Traffic flowed smoothly during the morning commute Wednesday. It wasn't bumper to bumper or even congested thanks to a newly completed Caltrans road widening project two years in the making.
"Each individual should recognize about a 16 minute savings in time. That is a big difference for those who want to get through this area especially through peak hours," Dennis Agar, Caltrans director for District 10, said.
The Highway 99 project started in Stockton and runs all the way to the Yosemite exit at Highway 120.
Andrew Chesley, the executive director of the San Joaquin Council of Governments, said this project will not only save drivers time, but it will help the entire state's economy.
"Highway 99 has been referred to as the main street of California. It's the work horse of the state of California. When you look at the percentage of truck traffic, this is the place where commodity and goods movement really makes a difference," Chesley said.

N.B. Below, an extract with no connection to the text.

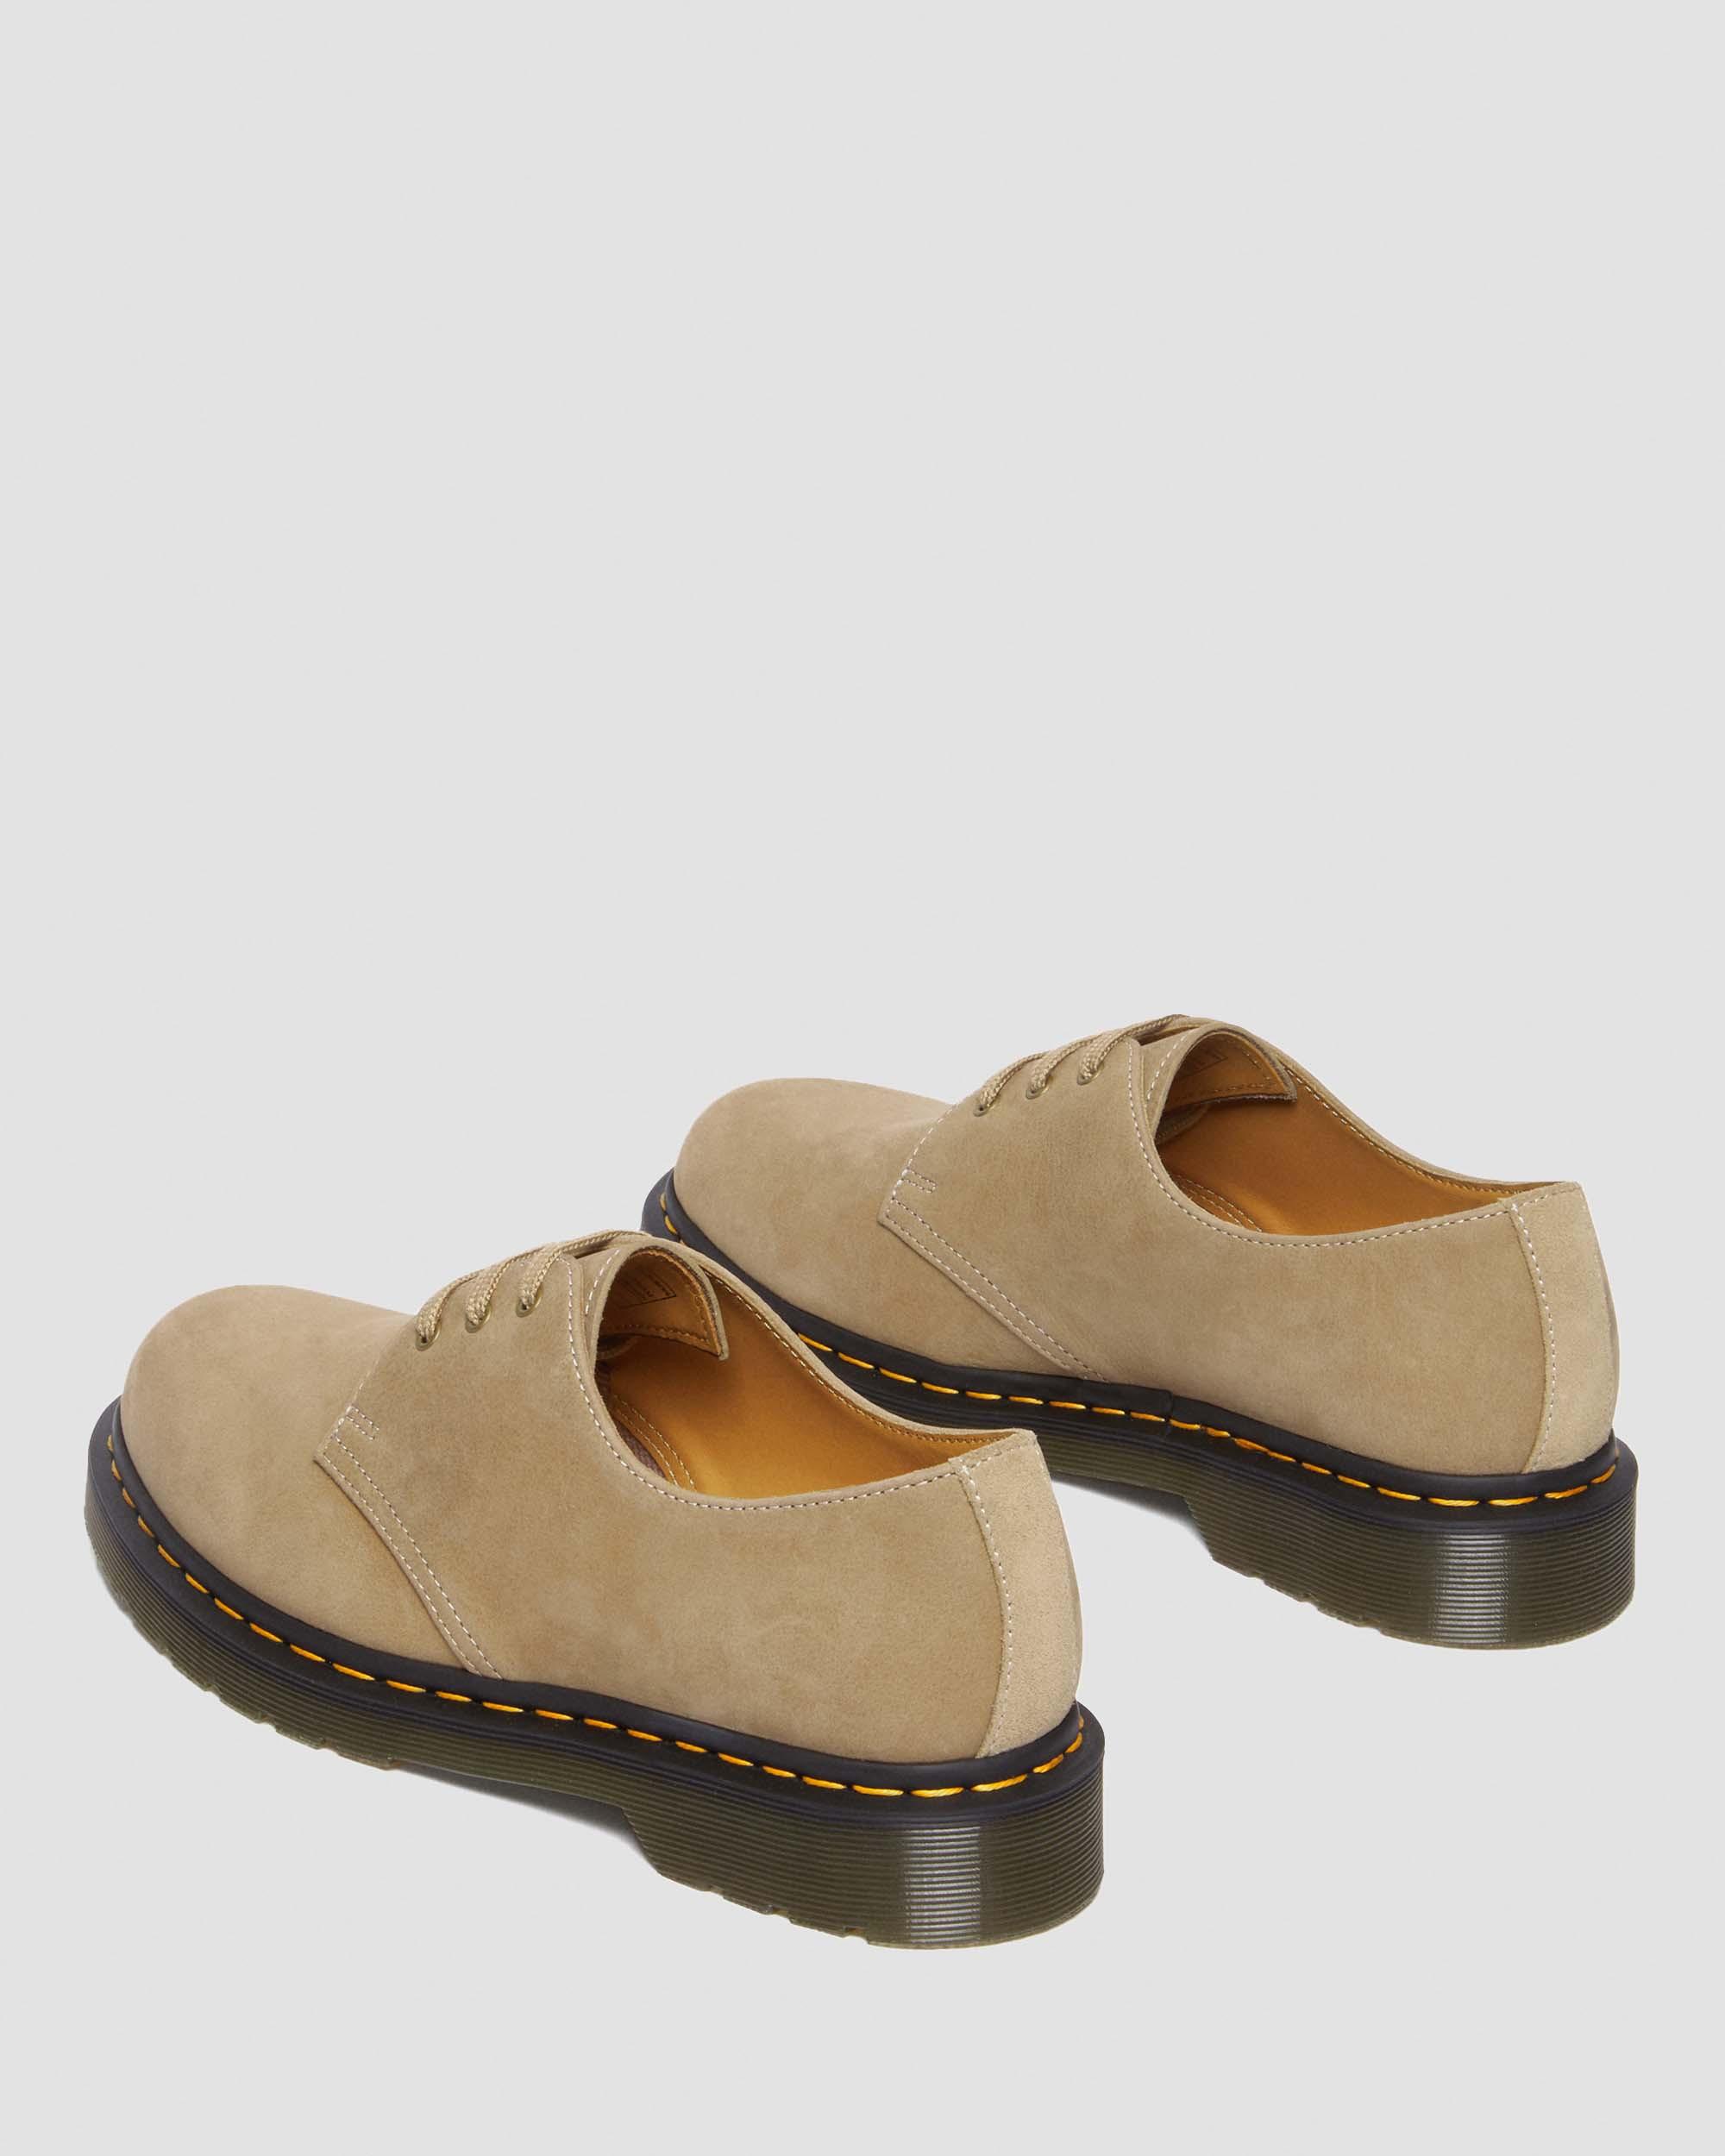 1461 Tumbled Nubuck Leather Oxford Shoes in Savannah Tan

Along with the widening of Highway 99 to six lanes, Chesley said Lathrop and French Camp Roads are now more user friendly. The new on- and off-ramps encourage drivers to get off the road and spend money in Manteca.
"French Camp Road is definitely easier to get on and off, both as a safety prospective and an operational prospective, and here at Lathrop Road, a real entrance now to the city of Manteca," Chesley said.
The project was funded by two voter measures -- $89 million came from a 2006 voter-approved transportation bond. The remaining $36 million came from a local 1 cent sales tax.
"It really pulls together a project that is the wish and the will of the state of California," Chesley said.
The project also constructed a sound barrier wall for residents and a concrete median to improve safety.